Spot gold is little changed vs. this time on Friday, operating around $1,835/oz, virtually unchanged vs. Friday's closing levels. U.S. real yields are unchanged to a touch higher vs. comparable times on Friday, with the DXY still hovering a little above cycle lows. Elsewhere, total known ETF holdings of gold operate ~4% off their recent all-time peak.

  • The EUA of Pfizer's COVID-19 vaccine in the U.S. has been welcomed but hasn't really had any meaningful impact on broader markets, with continued focus on the broader COVID picture (near term pain), Brexit dynamic, fiscal situation in DC and pockets of geopolitical risk evident in early trade this week.
  • The technical lines in the sand are unchanged.

OIL: A Melting Pot Of News Flow

The major crude benchmarks chopped around in early trade this week, with Brent struggling for direction around the $50.00 mark. Still, both WTI & Brent have managed to register modest gains thus far, last printing ~$0.30 above settlement levels.

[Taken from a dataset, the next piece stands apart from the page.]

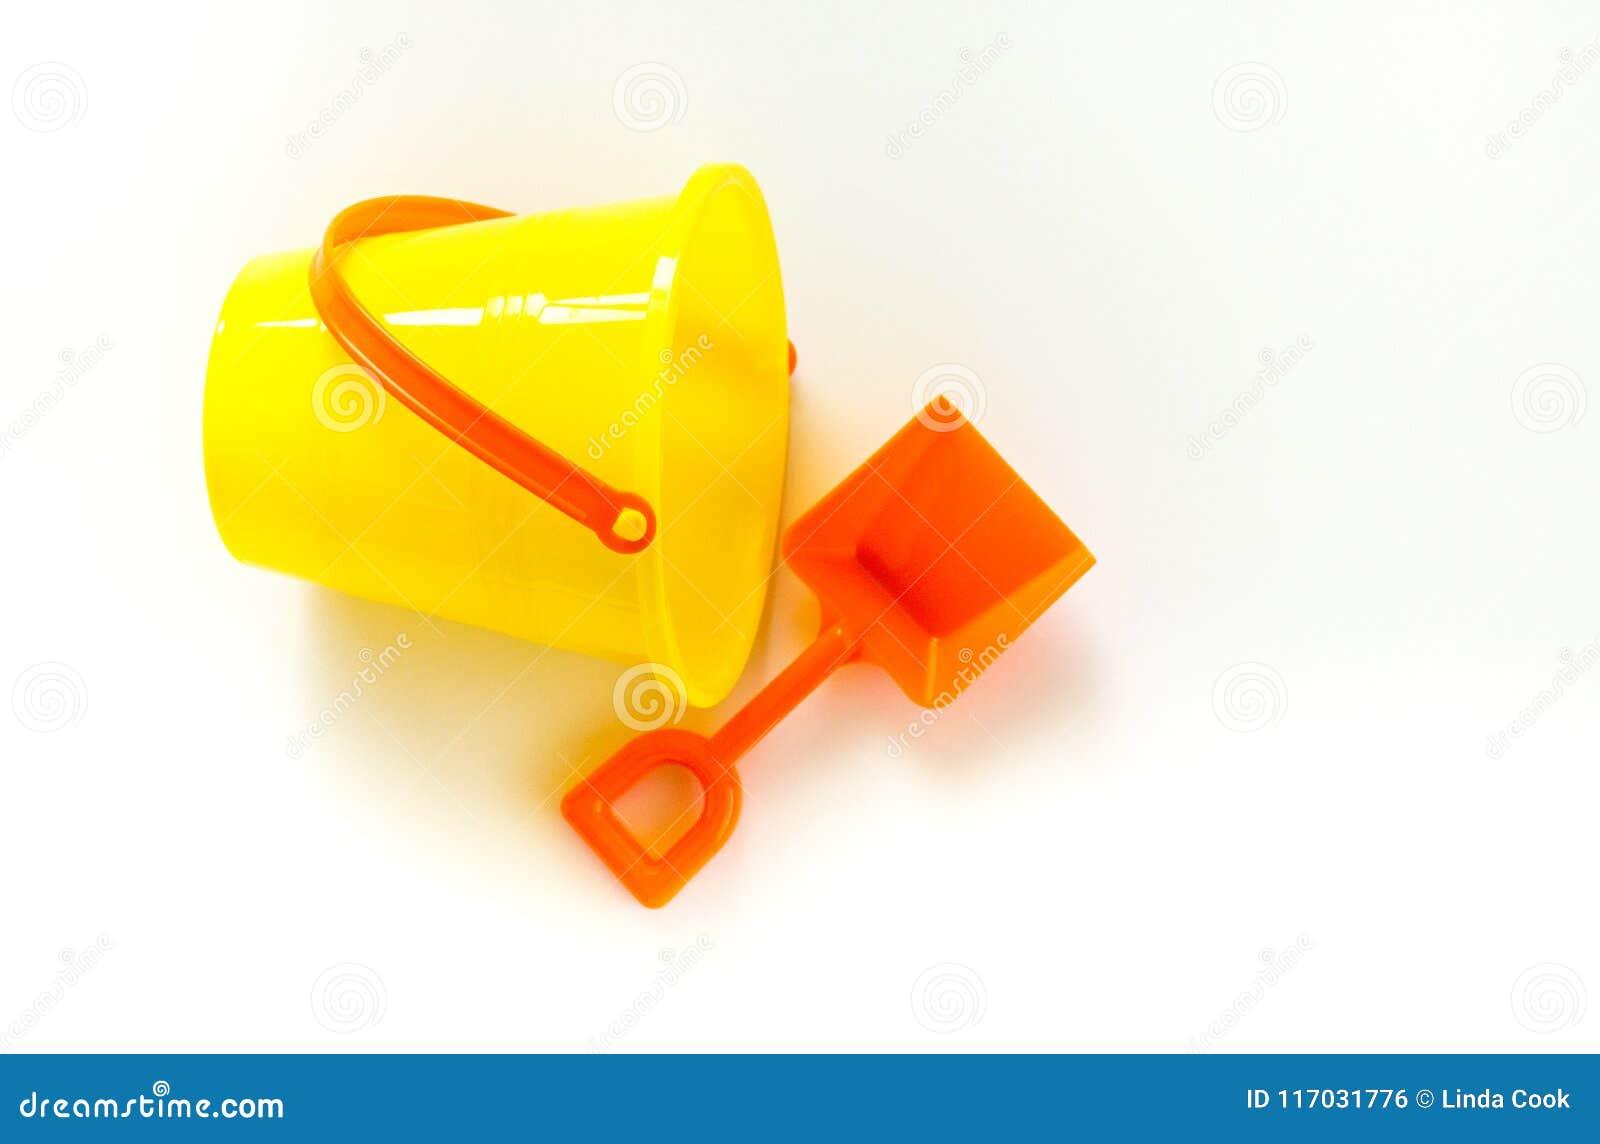 Φωτεινός κίτρινος κάδος και πορτοκαλί φτυάρι που απομονώνονται στο λευκό

  • As we have mentioned elsewhere, risk-positive headline flow from the weekend was countered by the a lack of firm progress re: most of the matters that saw favourable headlines, while geopolitical tension and the short-term pain of COVID-19 further limited any exuberance witnessed in early trading.
  • In terms of crude specific news flow, the week saw Iran continue to point to a fairly immediate ramping up of crude production, while neighbour Iraq continued to fight fires at oilfields.
  • Elsewhere, a RTRS source report did the rounds suggesting that "Mexico is wrapping up purchases for the 2021 edition of an oil hedging program that insures its revenues from oil sales."
  • Middle East tensions were also at the fore, as Asia-Pac hours saw the Associated Press report that "an explosion rocked a ship off Saudi Arabia's port city of Jiddah on the Red Sea, authorities said Monday, without elaborating. The kingdom did not immediately acknowledge the blast, which struck off a crucial port and distribution center for its oil trade." This particular headline was supportive of crude during the second half of Asia-Pac trade.